Thus, the present study aimed to characterize P. haitanensis’ functional genome and identify novel genes. The high-throughput sequencing platform Illumina HiSeq 2000 was used to profile the transcriptome of P. haitanensis. We constructed a library with mixed samples, including sporophytes and gametophytes of P. haitanensis, which were cultured under different conditions. Nearly 120 million reads totaling over 9 billion bp of high-quality DNA sequence with an average read length of 90 bp were obtained. These sequences were assembled into 24,575 unigenes by trinity de novo transcriptome assembly software [20], and approximately 70% of these unigenes were already annotated, as identified by BLAST searches against the SwissProt (http://expasy.org/tools/blast), Kyoto Encyclopedia of Genes and Genomes (KEGG, http://www.genome.jp/kegg), Clusters of orthologous groups (COG, http://www.ncbi.nlm.nih.gov/COG/), Nr (http://blast.ncbi.nlm.nih.gov/Blast.cgi) and gene ontology (GO) databases. A total of 2,727 cSSR (cDNA simple sequence repeat) markers of P. haitanensis also have been developed based on these unigenes by MicroSAtellite (MISA, http://pgrc.ipk-gatersleben.de/misa/) software. These assembled, annotated transcriptome sequences and SSR markers provide a valuable genomic resource for further studying the molecular basis of P. haitanensis’ special biological features and for marker-assisted selective breeding in P. haitanensis.

Results

Illumina sequencing and de novo assembly

To characterize the functional genome and identify novel genes in P. haitanensis, we constructed a Solexa cDNA library with mixed samples as listed in Additional file 1. Using Illumina paired-end sequencing technology, each reaction can yield 2×90 bp independent reads from either end of a DNA fragment. In this study, a total of 119,718,486 reads from the library were obtained.

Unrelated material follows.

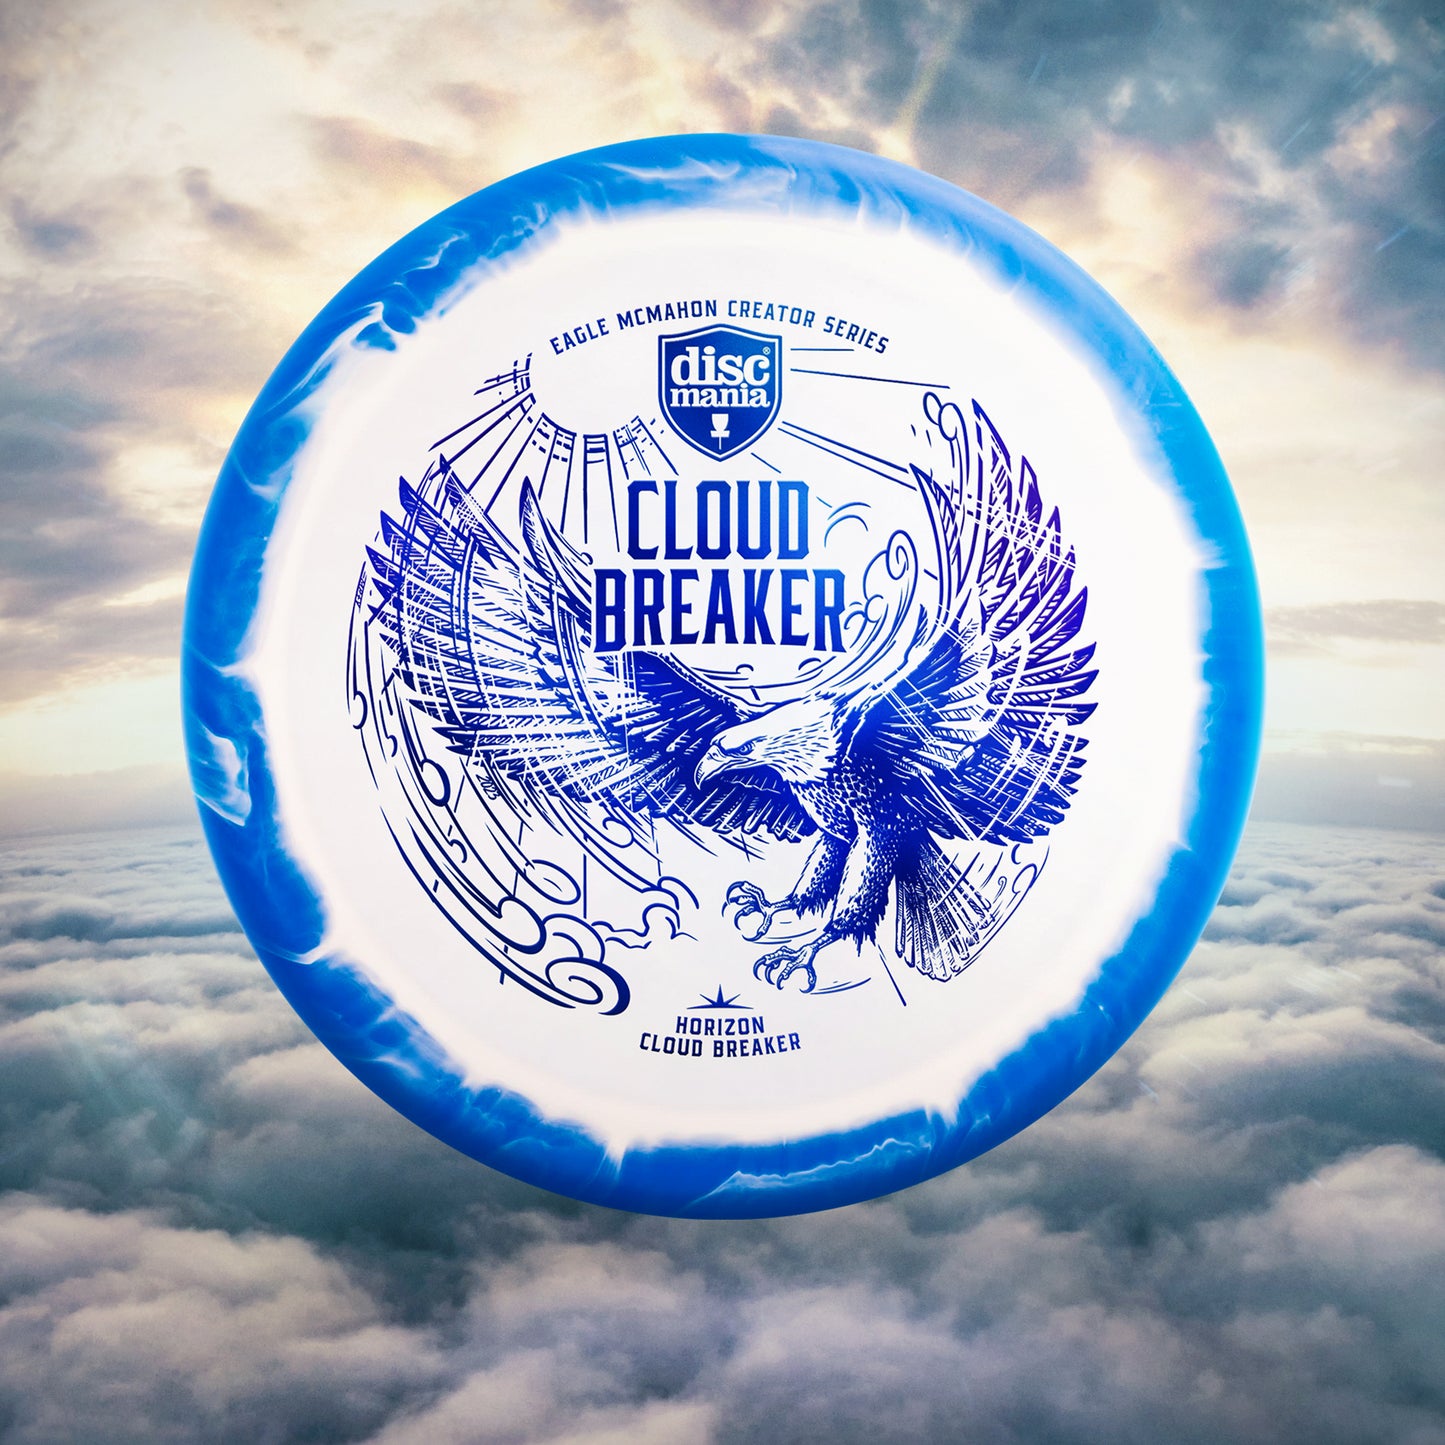 Discmania Cloud Breaker - Eagle McMahon Creator Series
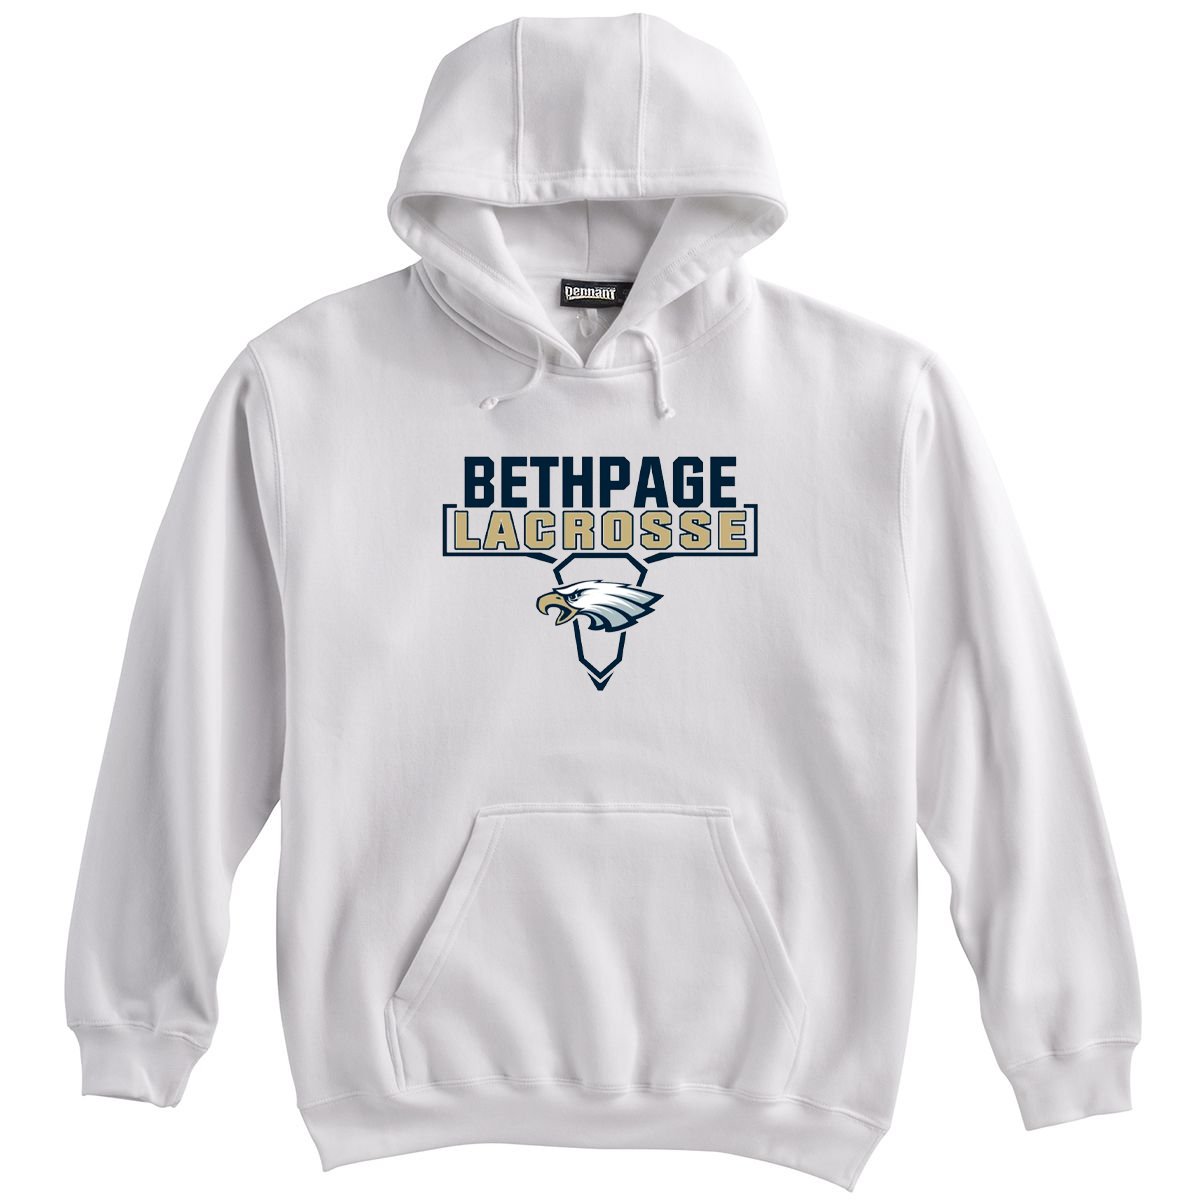 Bethpage Lacrosse Sweatshirt

After removing adaptor sequences, empty reads and low quality sequences, 102,967,578 (86.01%) clean reads were obtained with 96.43% Q20 bases (base quality greater than 20) (Table 1). Based on the high quality reads, a total of 44,269 contigs from the library were assembled with an average length of 375 bp by using the de novo assembly program Trinity.

Table 1.

Summary of the P. haitanensis transcriptome

Item Number
Total number of raw reads
119,718,486
Total number of clean reads
102,967,578
Total base pairs (bp)
9,267,082,020
Average read length
90
Q20
96.43%
GC percentage
63.99%
Total number of contigs
44,269
Mean length of contigs
375
Total number of unigenes
24,575
Mean length of unigenes
645
N50 913

With paired-end reads, it is possible to identify contigs derived from the same transcript as well as the distances between these contigs. We, therefore, mapped the reads back to the contigs, and then with the paired-end information joined contigs into unigenes whose sequences could not be extended on either end. As a result, 24,575 unigenes with an average length of 645 bp were obtained. The length of these assembled unigenes ranged from 200 to 11,338 bp, their size distribution is shown in Figure 1. In these unigenes, the GC percentage was 63.99%. To demonstrate the quality of sequencing data, we randomly selected 10 unigenes and designed 10 pairs of primers for RT-PCR amplification. In this analysis, all 10 primer pairs resulted in a band of the expected size, and the identity of all ten PCR products were confirmed by Sanger sequencing (data not shown).

Figure 1.

Figure 1

Length distribution of all unigenes mapped from contigs of the P. haitanensis transcriptome.

Functional annotation and classification

For validation and annotation of assembled unigenes, sequence similarity searches were conducted against the NCBI non-redundant protein (Nr) database and the Swiss-Prot protein database using BLASTx algorithm with an E-value threshold of 10-5. The results indicated that 15,535 (63.21%) of 24,575 unigenes showed significant similarities to known proteins in the Nr database (Additional file 2) and 12,226 (49.75%) had BLAST hits in the Swiss-Prot database (Additional file 2). Furthermore, to estimate the number of annotated unigenes that matched to unique genes in the two databases, the two files were filtered for duplicate protein accessions and 16,377 (66.64%) annotated unigenes were obtained. Because of the lack of genomic information in Pyropia, the remaining 8,198 (33.36%) unigenes could not be matched to any known genes. These annotated unigenes formed a potential pool for gene identification in Pyropia.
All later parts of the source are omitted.